02 December 2016
Farm Weekly, 1 December 1 2016 (Pages 34-35)
By KEN WILSON
McIntosh & Son Katanning, Kulin and Albany branch manager Devon Gilmour (left) and Nyabing farmer Warrick Browne discuss the features of the Integrated Harrington Weed Destructor, ordered by the Browne family when they pre-ordered two New Holland 9.90s last year.
THE Integrated Harrington Seed Destructor, which is debuting throughout the Wheatbelt this harvest, is being described as a “game changer”. Twelve destructors are in operation this harvest as national distributor McIntosh & Son oversees the introduction of the unit, invented by Darkan farmer Ray Harrington.
According to McIntosh & Son Katanning, Kulin and Albany branch manager Devon Gilmour, the majority of the units are operating in Great Southern districts with one in Geraldton and another in operation at Wyalkatchem.
“The big number in the Great Southern is purely early customer demand,” Mr Gilmour said.
“We had a limited production run for this harvest and we had customers very eager to adopt this technology.
“We see it as a gamechanger in combatting resistance problems.
“In fact the demand in WA is insatiable due to resistance issues throughout the State.
“I see the destructor as a game changer in controlling weed seeds because while other alternatives are affective, we’re doing it in one pass, so there’s a considerable economic benefit from that point.”
One of those customers was the Browne Farming Co Pty Ltd, Nyabing, where brothers Warrick and Trent kept a watchful eye on two New Holland CR 9.90s, both fitted with the seed destructor.
“It’s a proactive move to control any resistant weed populations that might arise,” Warrick said.
“We haven’t got too many problems at the moment but we don’t want any either.
“Previously we were burning wheat stubbles but now it’s a one pass system with the aim of killing weed seeds in every rotation.
“The headers cut at beer can height so we can get as much (weed seed) into the header as possible and let the destructor do its work.”
According to Warrick the destructor is another tool to use to reduce weed seed populations on the 7000 hectare property. Other strategies include spraying while swathing; maintaining a four year rotation of barley, canola, wheat, pasture; summer spraying and heavy summer grazing, employing the 12,000 Dohne stock.
German header driver Arne Greggers (second from right) couldn't help give the Integrated Harrington Seed destructor the "thumbs up" when asked to join the Browne family for a photograph. From left, Warwick Browne, his son Spencer, Warwick's brother Trent and their father Gordon.
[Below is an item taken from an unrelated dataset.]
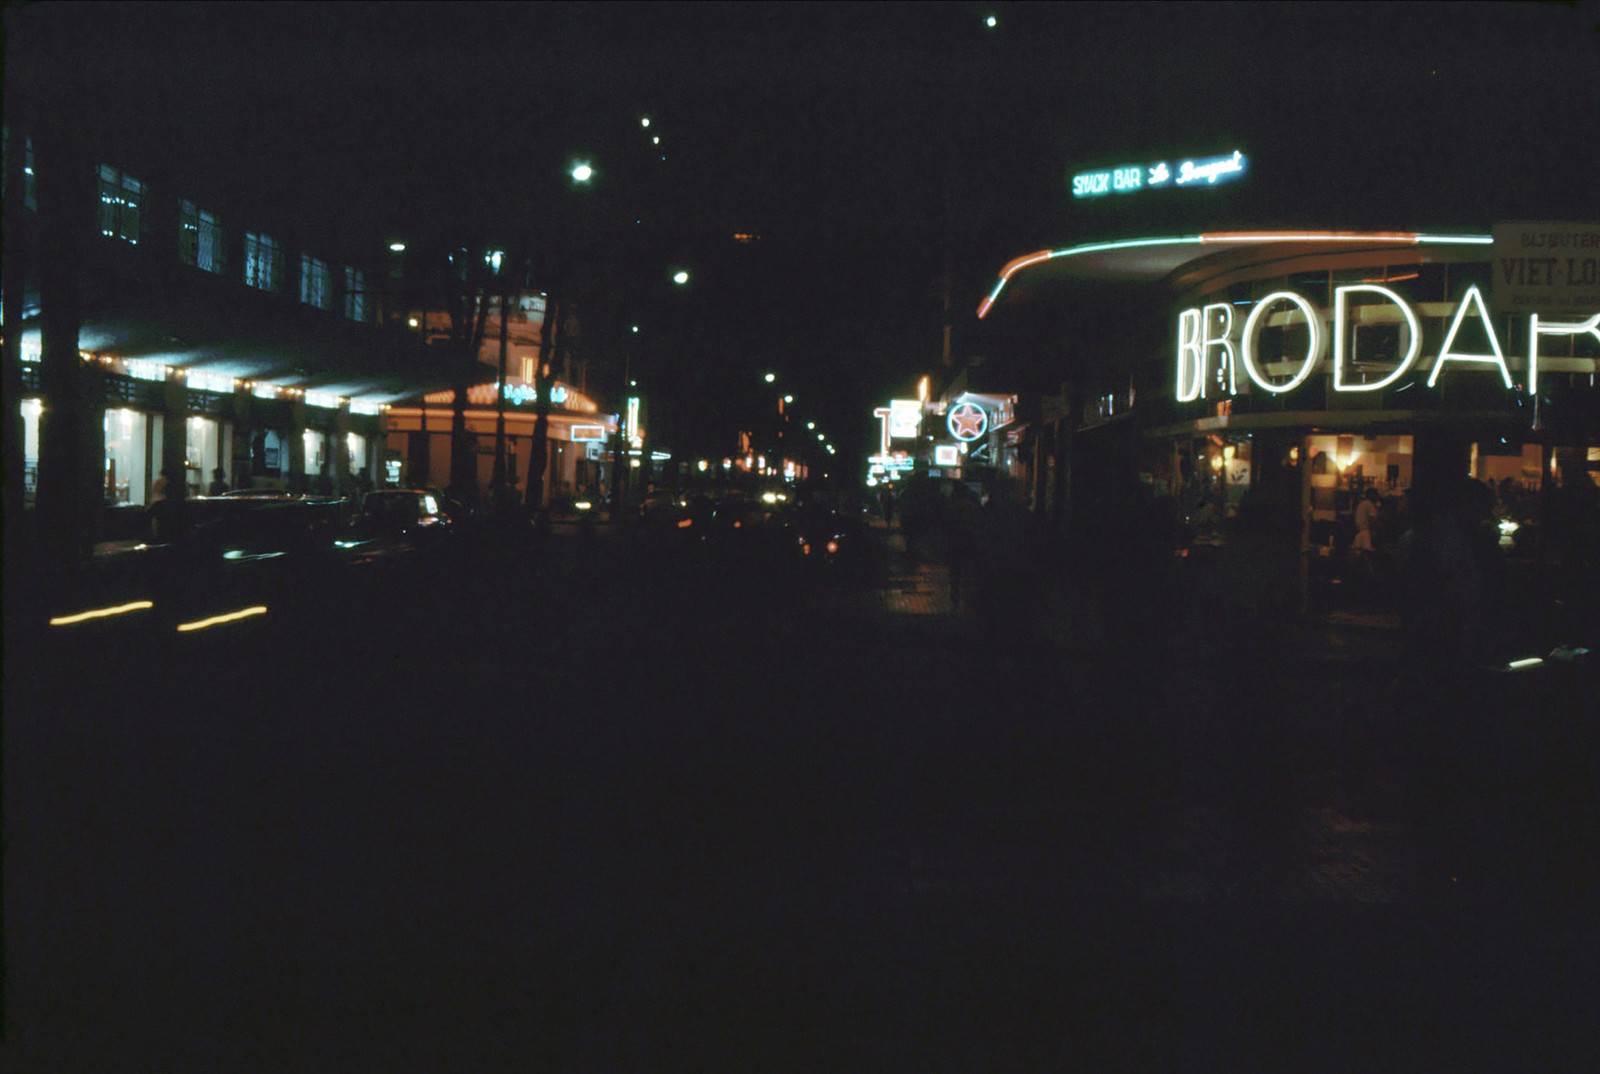 Cafe BRODARD về đêm, góc ngã ba Tư Do-Nguyễn Thiệp - Photo by Ken

The Integrated Harrington Seed Destructor is a bolt-on module with two mills replacing existing spinners on the rear of the header. Each mill contains a rota mill which rotates at 3000rpm and a stator mill, which sees weed seeds virtually obliterated as they move through vertical vanes. The mills only collect the chaff containing the weed seeds off the sieves with straw conventionally fed to choppers or spreaders.
Devon said the integrated unit has a factory-fit look.
“It has its own cooling and pump system which are mounted in the engine bay and the mills are driven by two 90cc motors,” he said.
“The cooling system on the header is not affected by this unit and you won’t get any parasitic loss of power running the header.
“They also can be retrofitted.”
Warrick and his brother Trent said they chose the New Holland 9.90 headers because they wanted extra power to handle the seed destructor and the optional Optispread.
“It’s a class nine header rated at 530hp (395kW) and it gives us plenty of power for both mills without compromising the header capacity,” Warrick said.
“You’re probably looking at in excess of 100hp (75kW) using the destructor and the Optispread system.”